Friday, 14 September 2012

Strange encounter in a little town in Alsace

It wasn't an easy drive back from England this time.  Last year we drove  from Zeebrugge in Belgium to Pietrasanta in Italy in one long day;  this year it took two.  The weather in northern Europe was at its most disruptive - we drove through cloudbursts and thunderstorms and in between it just rained.  Heavy traffic, spray......   very tiring to drive through.  So we stopped in Alsace, in the south-eastern corner of France between Germany and Switzerland, on the edge of the Vosges mountains - an area we haven't explored before.  It was spectacularly beautiful, if a little too manicured.  I like my history rough at the edges.  But the wine and the food were good, the hotel cheap, and the people friendly.  Wonderful vignettes of wooded hills with ruined castles perched on the top, faded in and out of the mist.  We must go back one day for a proper look.   This was Ribeauville, where we stayed.

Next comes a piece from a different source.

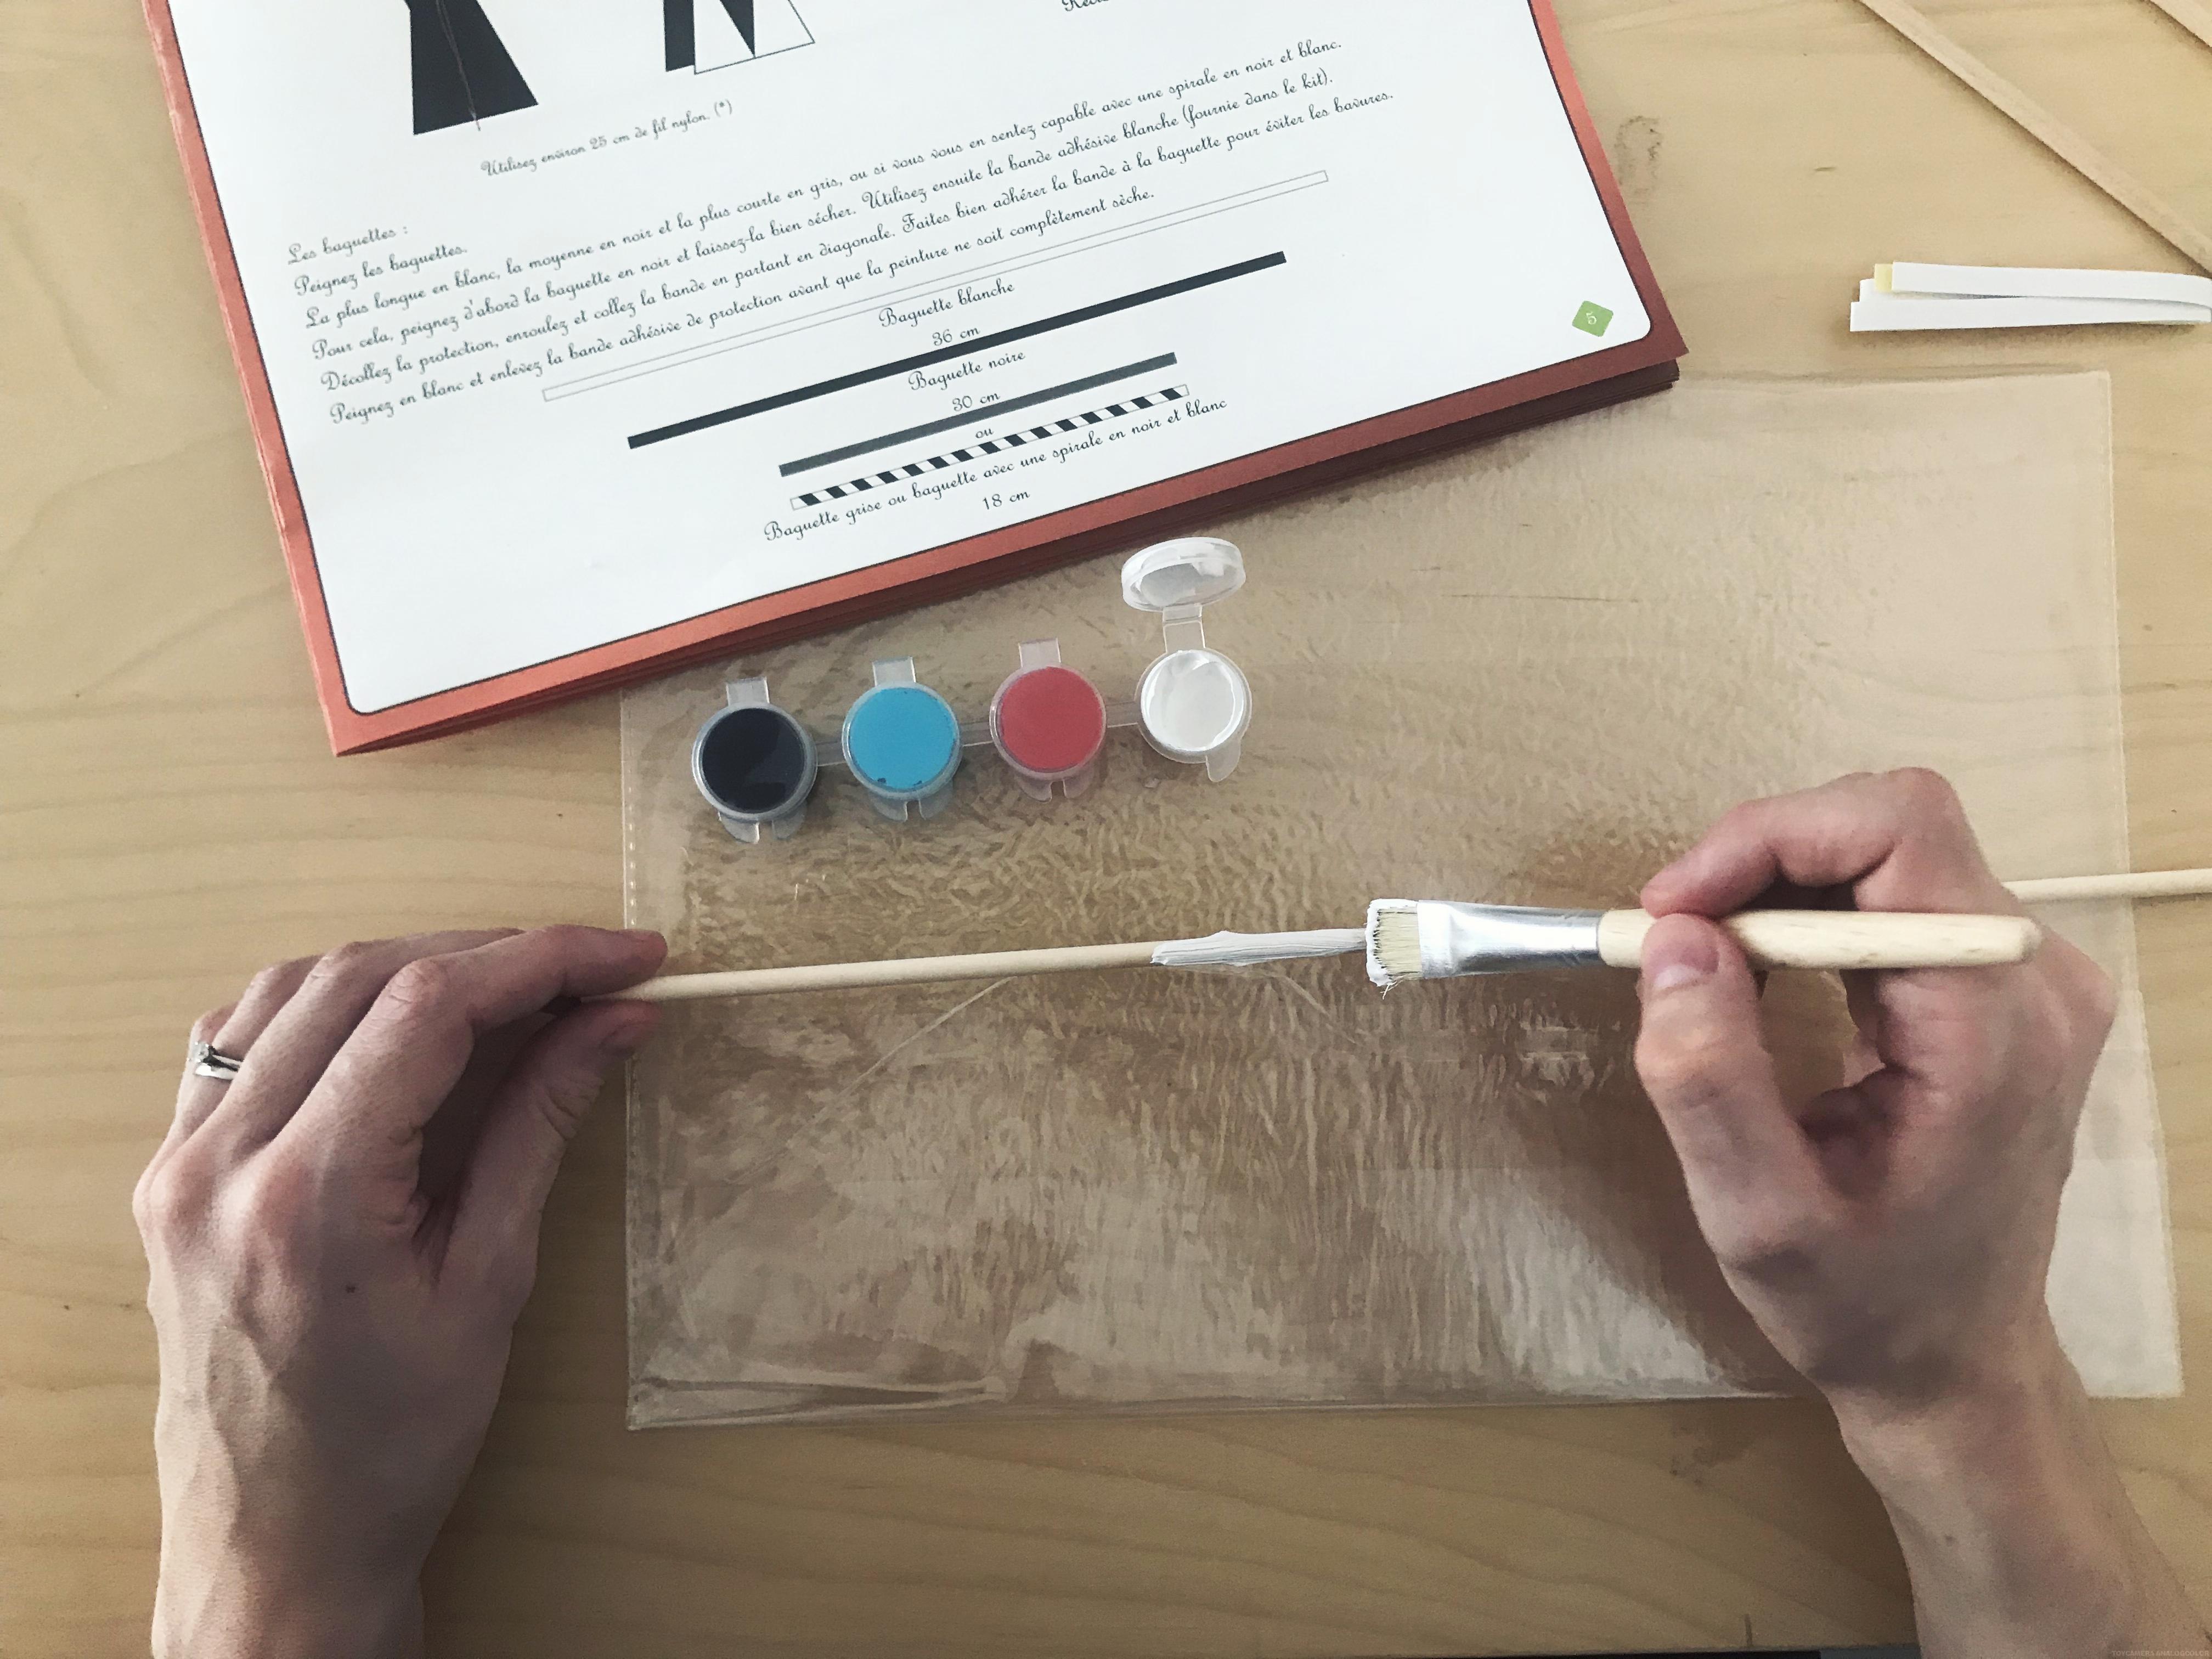 Comment Fabriquer Un Mobile En Bois créer un mobile montessori diy - les caprices d'iris - blog

We were both overtired.  We took the luggage out of the car and Neil put a suitcase down to lock the doors, then spotted a better parking slot.  He got into the car, forgot the suitcase and was beginning to reverse out, when a man began shouting to him in French and gesticulating through the window.  Suitcase saved from extinction!   Later, as we sat at a table outside one of the little bars in the old town, the man walked past with his wife.  We thanked him in pidgin French, all over again, and we had a short conversation before he said, 'Are you by any chance English?'  'Yes,' we replied, still in French.  'Then why aren't we speaking English?'  he asked laughing.   Clearly American.   We invited them both to have a drink with us (only fair since he saved my suitcase) and began to chat.  Their names were Art and Nori Mattson and they were on a motorcycling holiday, all the way from New York.  Then, when we began, cautiously, to probe what we all 'did', it transpired that he was also an author, writing books on maritime and local history.  His most recent book is about the wreck of the Mexico off the shores of Long Island - a scandalous shipwreck, where people stood on the shore and watched more than a hundred Irish immigrants (mostly women and children) freeze to death on the deck.  The crew had already abandoned ship in the only rescue boat. It was such an infamous story that Walt Whitman wrote a poem about it (Sleepers, Leaves of Grass) and several painters painted it.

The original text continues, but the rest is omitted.